In January 2011, the High Court refused to approve an examiner’s rescue plan (“Scheme of Arrangement”) for construction company McInerney Homes Limited (“McInerney”), on the basis that the Scheme of Arrangement was unfairly prejudicial to the secured creditors consisting of a Banking Syndicate of Anglo Irish Bank Corporation Limited, Bank of Ireland plc and KBC Bank plc (the “Banks”). The Banks had opposed both the examinership and the Scheme of Arrangement, in particular arguing that it would be more beneficial to them if McInerney went into long term receivership. Although ultimately declined on the facts of the case, it is interesting to note the Court’s new departure in recognising that a scheme of arrangement entailing payment to a secured creditor of a written down sum in full satisfaction of its debt could, in theory, be approved.

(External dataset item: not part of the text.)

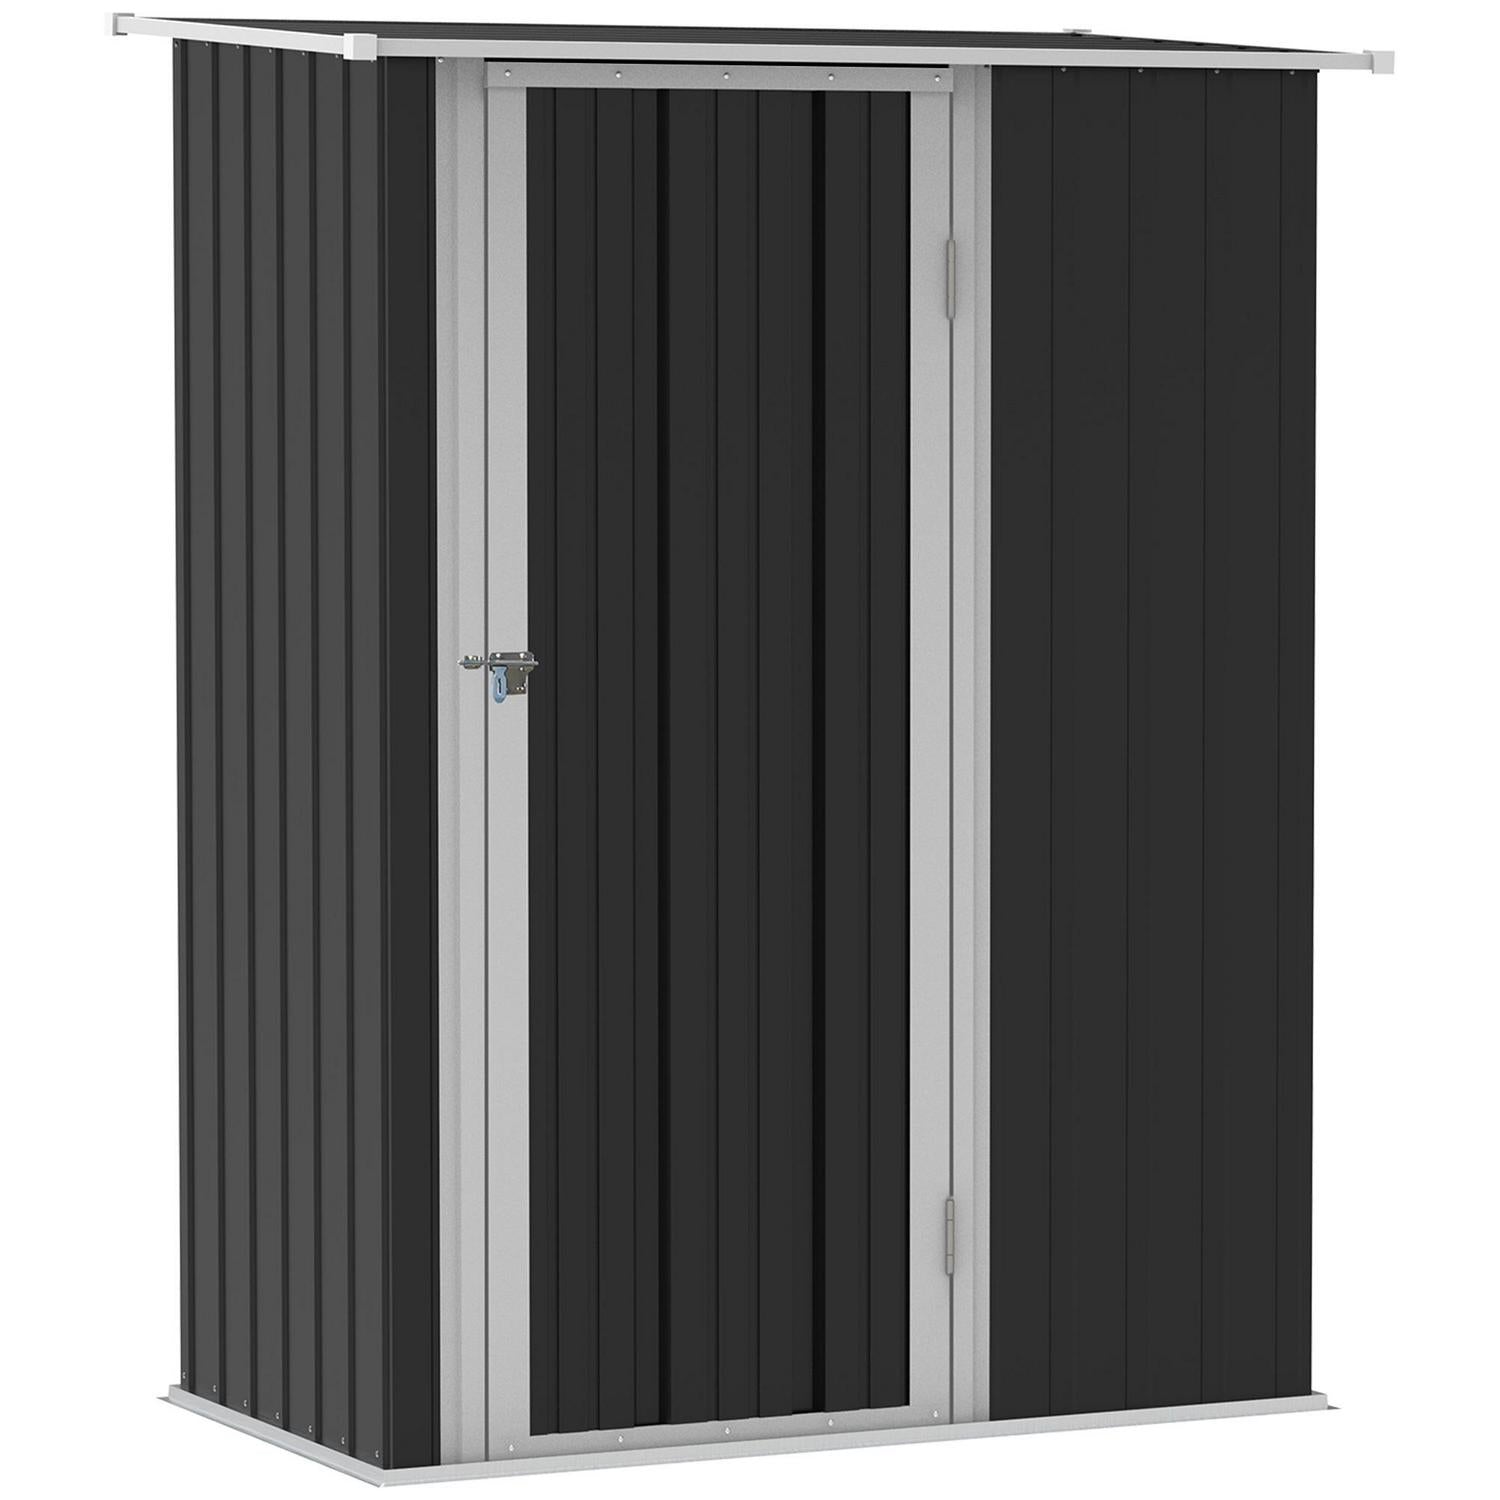 Outdoor Storage Shed Steel Garden W/ Lockable For Backyard Grey

McInerney and the examiner asked the High Court to reconsider it’s judgment in light of the fact that two of the Banks, Anglo Irish Bank Corporation Limited and Bank of Ireland plc were in the process of transferring their loans to NAMA and, therefore, the receivership model was highly unlikely to be put in place. The High Court, while accepting the arguments of McInerney and the examiner, stated that it would be unfairly prejudicial to implement the Scheme of Arrangement given that KBC Bank plc was not in NAMA and would have no difficulty in implementing the longterm receivership model. McInerney has appealed the decision to the Supreme Court and the Banks have cross appealed on the basis that the court was wrong to revisit it’s earlier ruling. It is expected this appeal may be given a priority hearing by the Supreme Court.

The fallout from this case is that it may dissuade construction/property companies from seeking to avail of examinership where there is severe bank opposition.